The production, with its presentational style, bridges a tight-wire act between worldliness and naivete. That’s the key to the show’s artful simplicity--a veritable Goldilocks and her young swain surviving their romantic dreams after withering escapades with the dark and dashing bandit/balladeer El Gallo.

A Saturnalian El Gallo is crucial and Nick Paone’s Mephistophelean figure is vital and seductive. As the 16-year-old heroine Luisa, Gretchen Weiss, with a voice so high that it’s tremulously close to squeaking, catches just the right number of moonbeams and pearly obbligatos in her white frilly dress.

But the standout is the 19-year old Romeo to her Juliet, Fred Voss as the smitten Matt, whose performance proceeds from innocence to charm to ebullience to poignancy.
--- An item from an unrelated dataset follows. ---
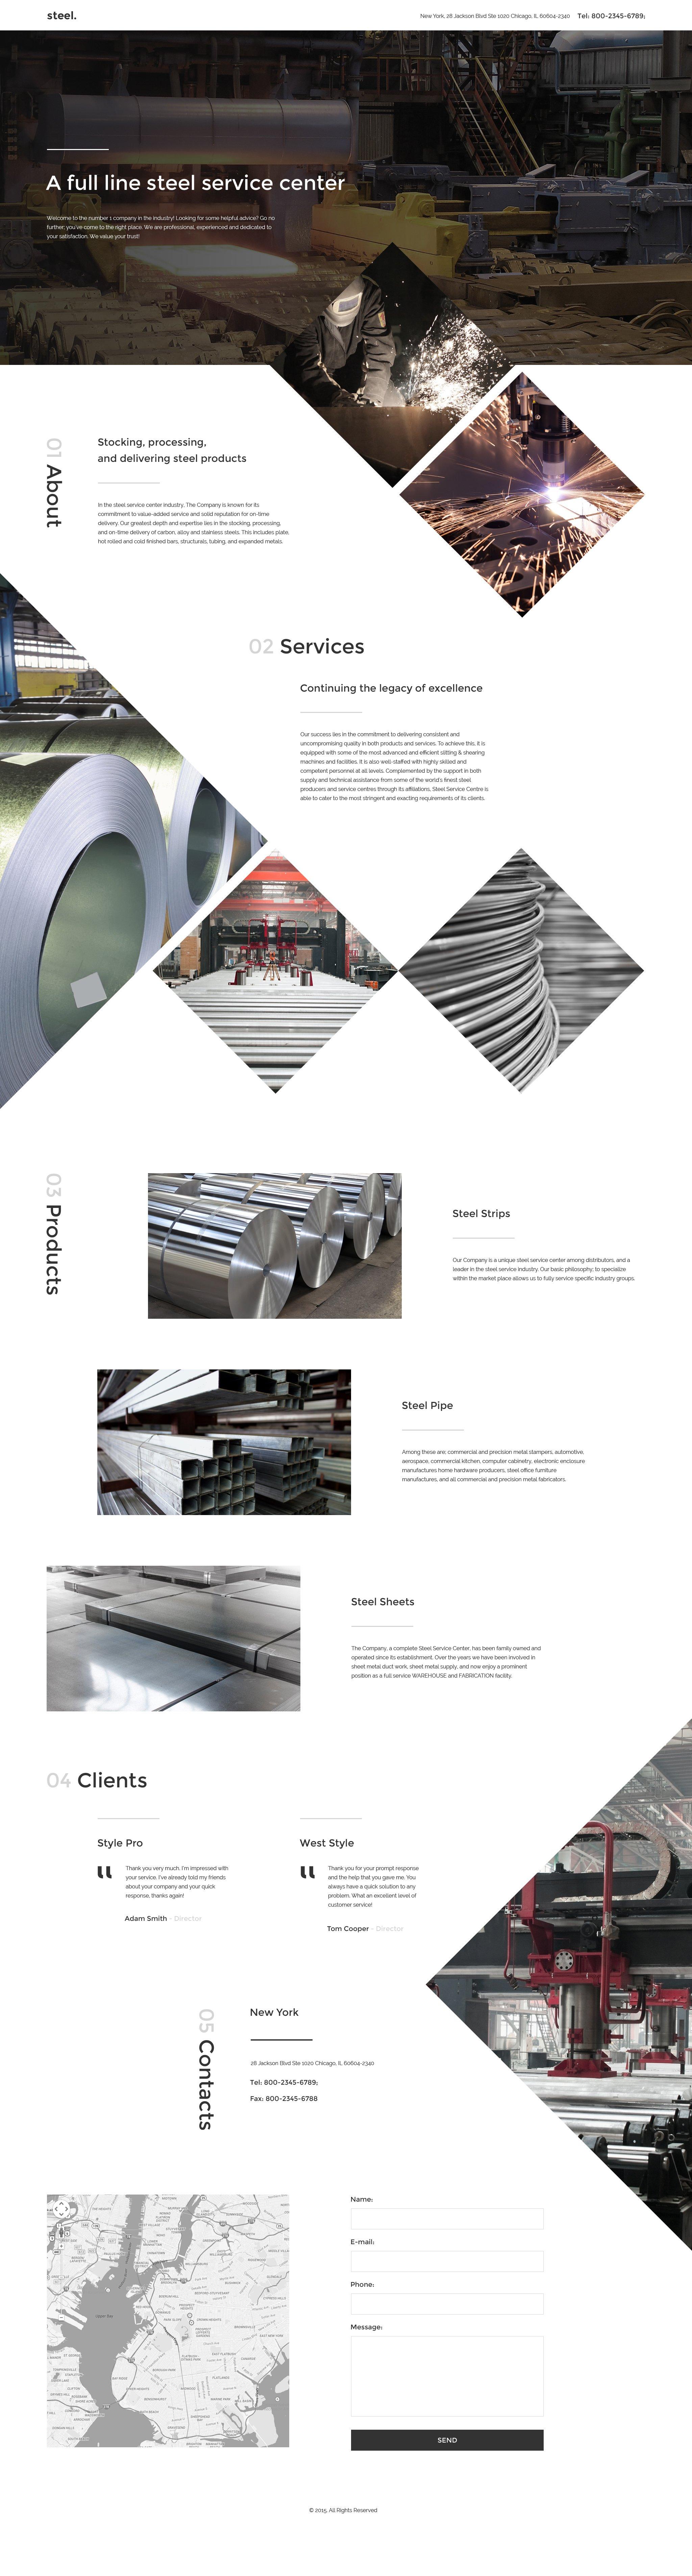 Responsywny szablon Landing Page Steelworks #57716

He’s terrific.

The mute stage manager (Ellen Gersh Lerner), onstage conductor/pianist Philip Orem and the exceptional scenic and lighting designers (L.J. Houdyshell and Trevor Norton, respectively) help instill the proper sense of timelessness.

The two points where the achievement stumbles are in the vaudevillian approaches of the lovers’ two papas (Gary Davis and Skip Ludwig) and their overly broad routines as the two characters who aid El Gallo in his seduction scene.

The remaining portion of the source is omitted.